The thing is, you want your readers to be optionally following along,
doing their thing at the command line (fire up that gcc), meaning what
was "a book" is now this constellation of artifacts including
different versions of lessons depending on what kind of platform you
have.

Compiling Python on Windows is not only doable, it's highly
successful, but exactly how is it done?  Some readers would avidly
branch into that discussion, while others staying on a Mac (the
original Python was developed on a Lisa).

You've been studying the list type, as a data structure, have delved
into the history, of linked lists, bubble sorts, clever algorithms, a
kinds of class computer science.  Lots of names fly by, opportunities
to tell stories, fill us in.

Obviously it'd take a talented writer, far beyond my ken, to tie this
into LISP and the whole theory of S-expressions and like that, a heavy
dose of formality, somewhere in the middle of the book.

Make the list concept shine, but then come back to earth and have it
be one data structure among many.  Python celebrates diversity,
heterogeneity, cosmopolitan values.  The allure of crystalline purity
is thankfully muted in Pythonia.  We don't need it to be "seamless".

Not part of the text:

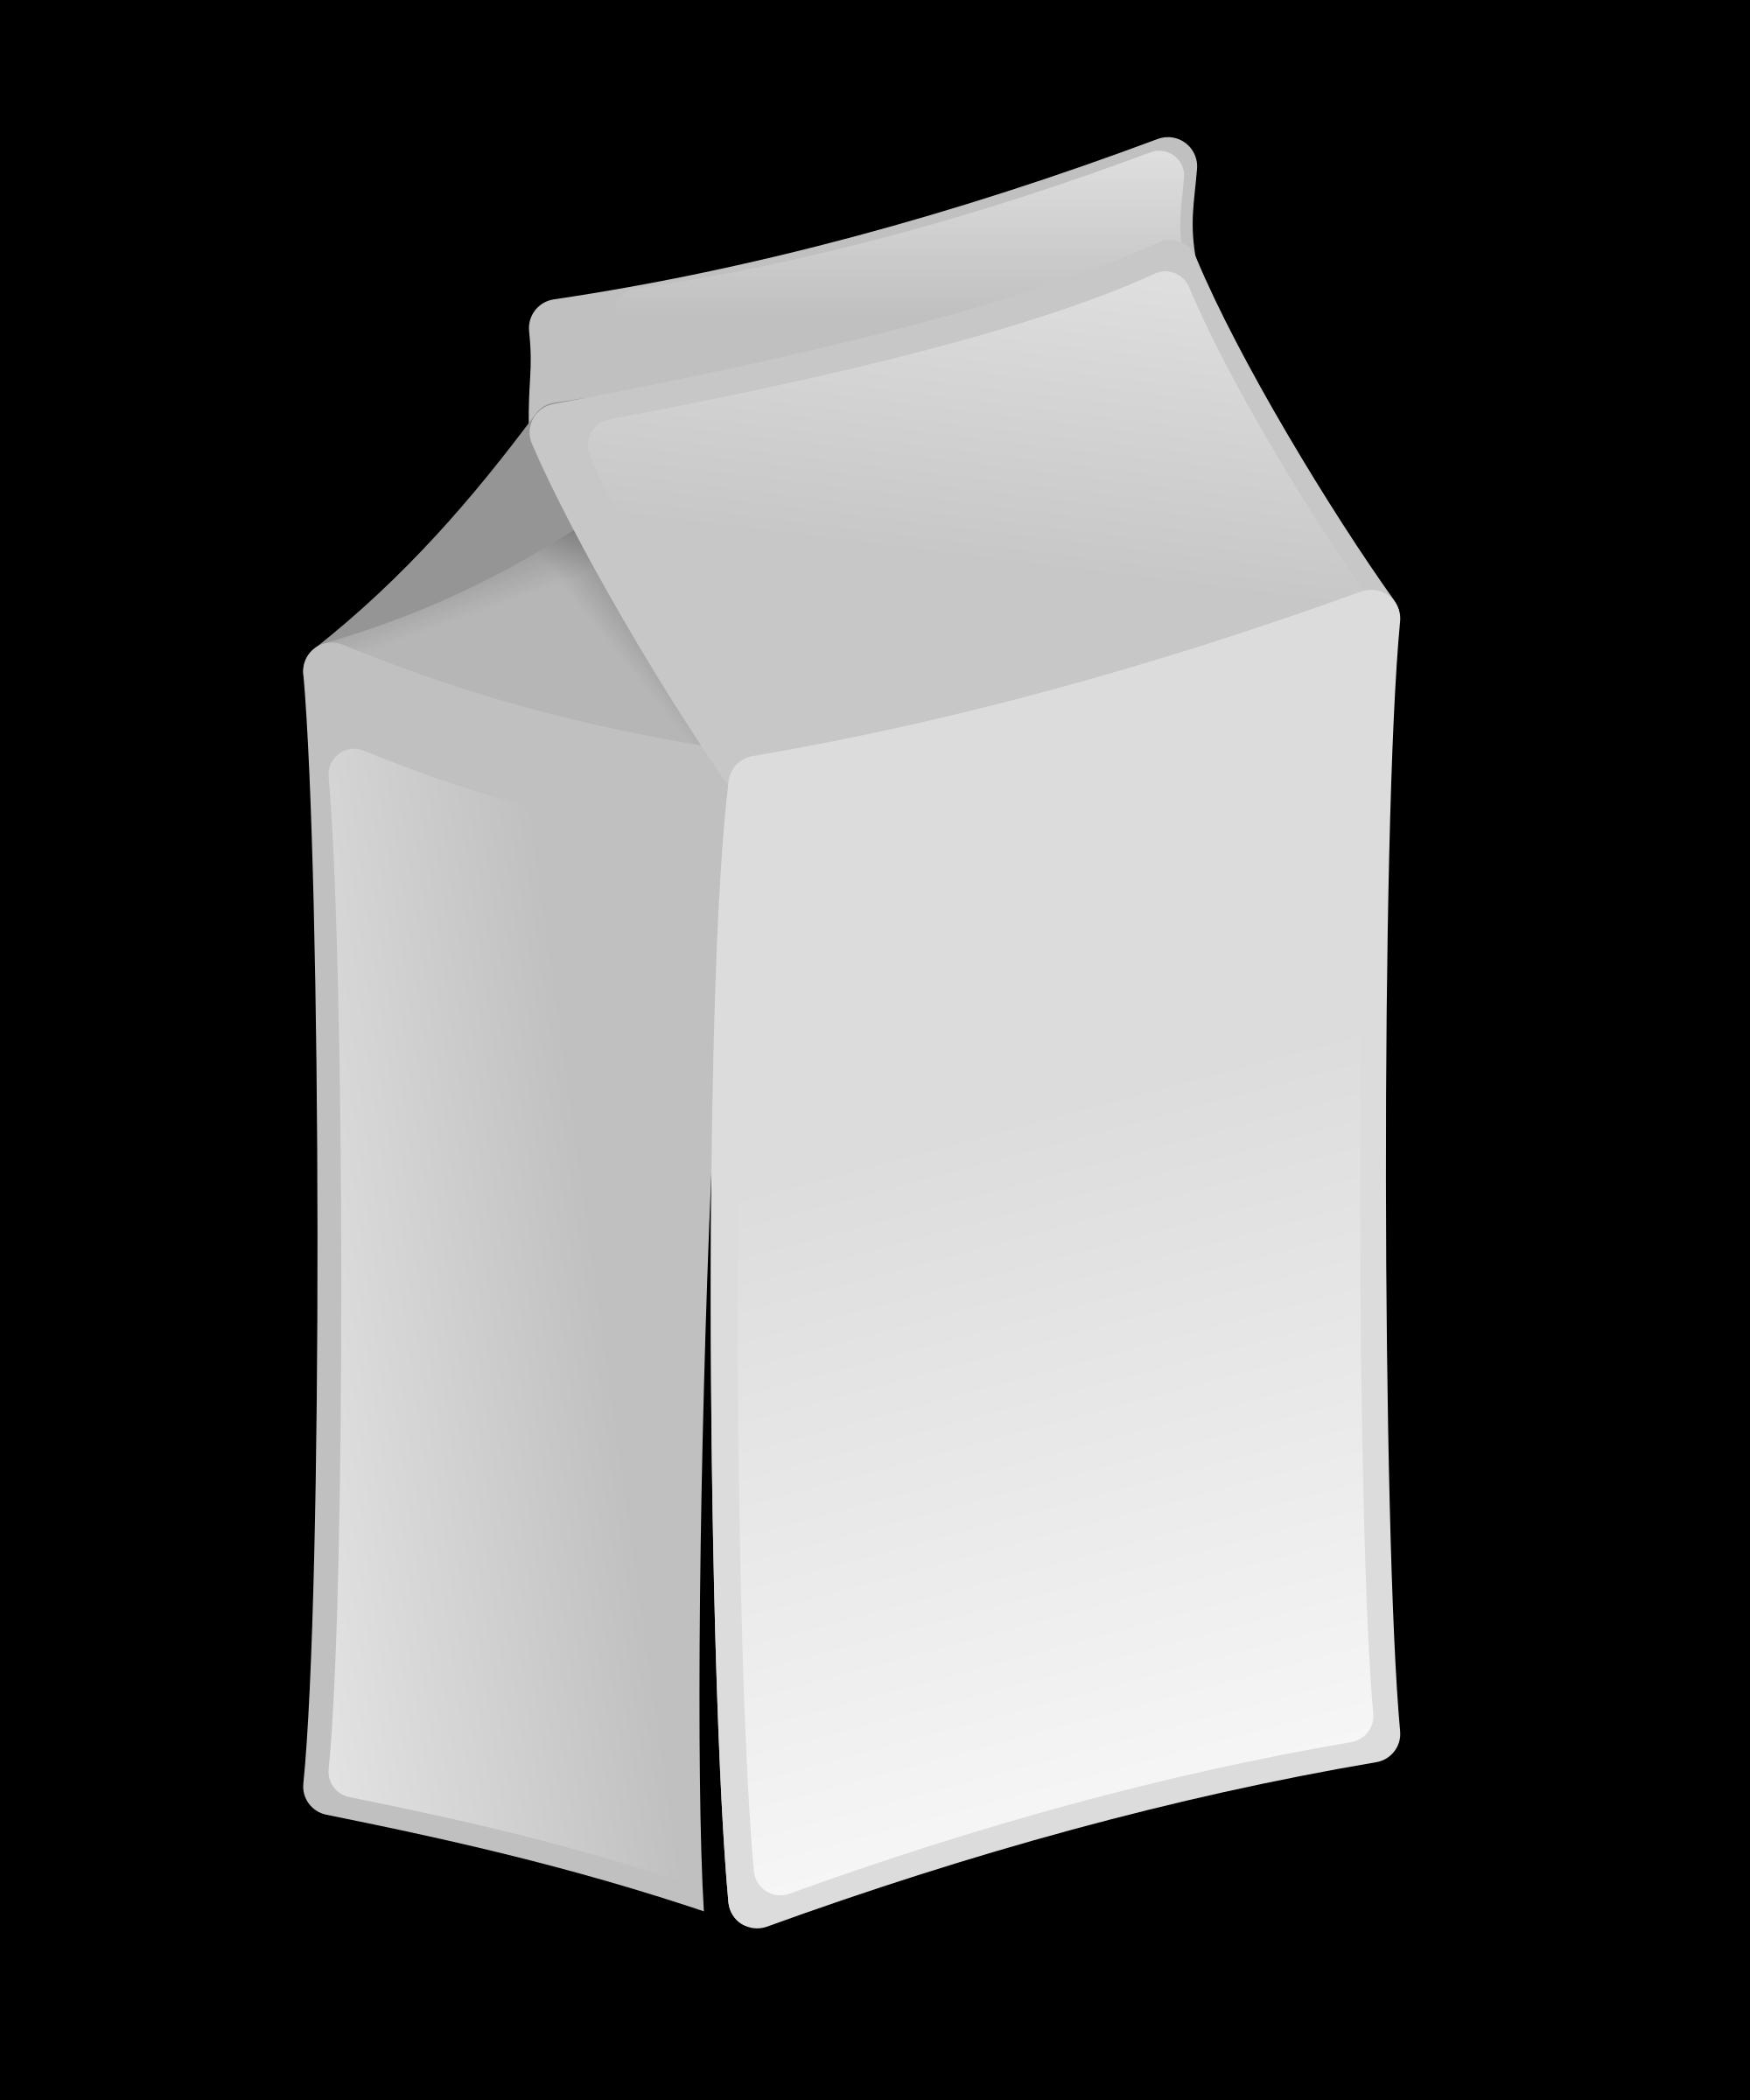 milk clipart white box

Because Python plays well with others, this is hardly just about
recruiting to Python.

We want to demystify computers more generally and find a
not-dumbed-down dissection of the list type, in terms of C, and even
lower level languages (how does C work), is just what a certain
segment of the public was craving.

A wild bestseller.  New York Times Review of Books is all agush.  "How
to think like a computer scientist on steroids...".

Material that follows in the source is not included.